L’exercice d’une action en justice constitue un droit et ne dégénère en abus pouvant donner naissance à une dette de dommages et intérêts que dans le cas de malice, de mauvaise foi ou d’erreur grossière équipollente au dol.
Le présent litige ayant été rendu possible par l’existence de plusieurs estimations de valeur des parcelles considérées, estimations que le fonds commun de titrisation Absus était en droit de contester, son appel ne peut être qualifié d’abusif étant au surplus rappelé que lors d’une vente de gré à gré, aucune surenchère n’est possible.
Les demandes de dommages et intérêts et d’amende civile, cette dernière ne constituant pas une demande pouvant être formée par les parties, seront rejetées.

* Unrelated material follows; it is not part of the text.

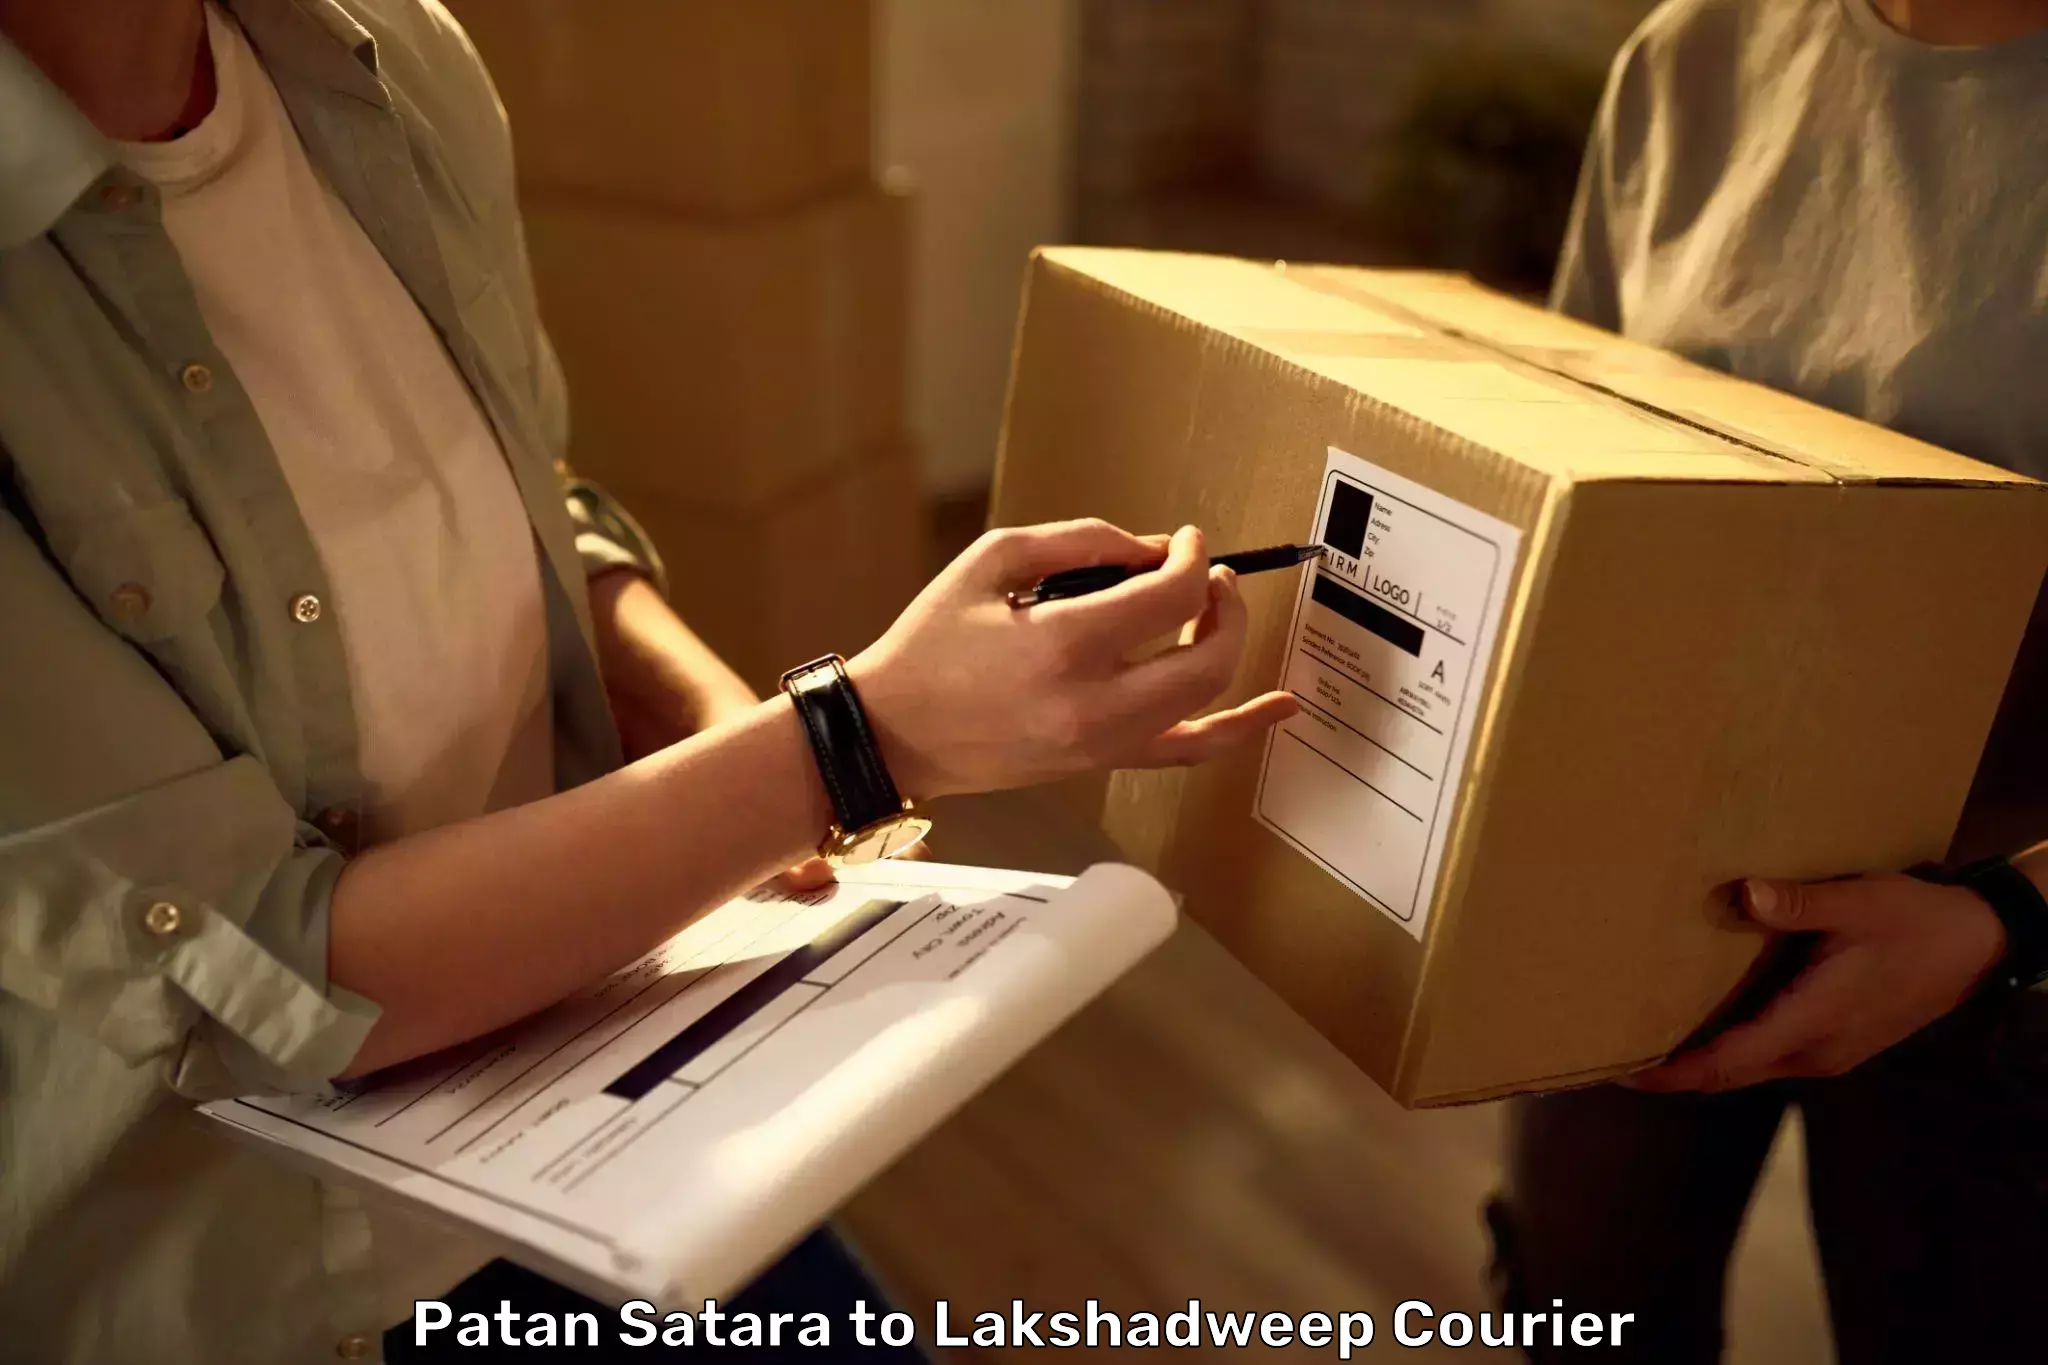 Luggage transport service Patan Satara to Lakshadweep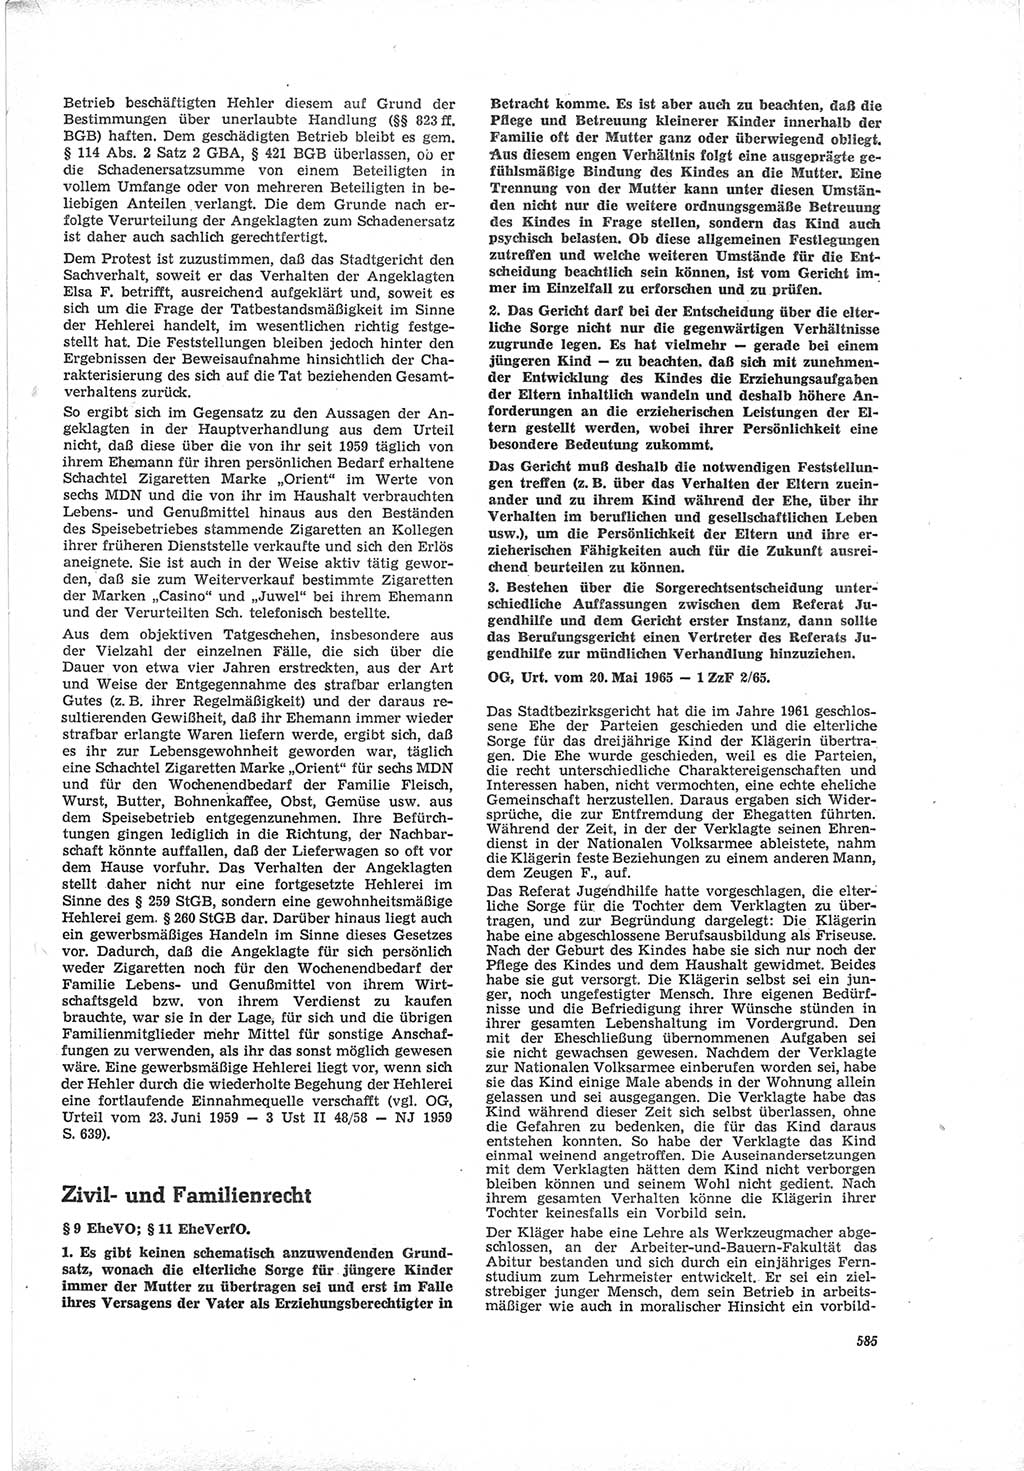 Neue Justiz (NJ), Zeitschrift für Recht und Rechtswissenschaft [Deutsche Demokratische Republik (DDR)], 19. Jahrgang 1965, Seite 585 (NJ DDR 1965, S. 585)

Le fonds commun de titrisation Absus, ayant pour société de gestion la société IQ EQ Management et représenté par son entité de recouvrement, la société MCS TM ayant perdu sa cause, les dépens d’appel seront mis à sa charge et il sera condamné au paiement de 3 000 euros au titre de l’article 700 du code de procédure civile à M. [Y] d’une part et à Me [O] ès qualités d’autre part.
PAR CES MOTIFS
La cour statuant par arrêt contradictoire en dernier ressort, par mise à disposition au greffe,
Confirme l’ordonnance du juge-commissaire du tribunal judiciaire de Rouen du 7 août 2024 ;
Y ajoutant :
Déboute M. [Y] de ses demandes de dommages et intérêts pour procédure abusive et d’amende civile ;
Condamne le fonds commun de titrisation Absus, ayant pour société de gestion la société IQ EQ Management et représenté par son entité de recouvrement, la société MCS TM aux dépens de la procédure d’appel ;
Condamne le fonds commun de titrisation Absus, ayant pour société de gestion la société IQ EQ Management et représenté par son entité de recouvrement, la société MCS TM à payer à M. [Y] la somme de 3 000 euros au titre de l’article 700 du code de procédure civile ;
Condamne le fonds commun de titrisation Absus, ayant pour société de gestion la société IQ EQ Management et représenté par son entité de recouvrement, la société MCS TM à payer à Me [O] ès qualités de liquidateur de la société civile immobilière [Adresse 32] la somme de 3000 euros au titre de l’article 700 du code de procédure civile.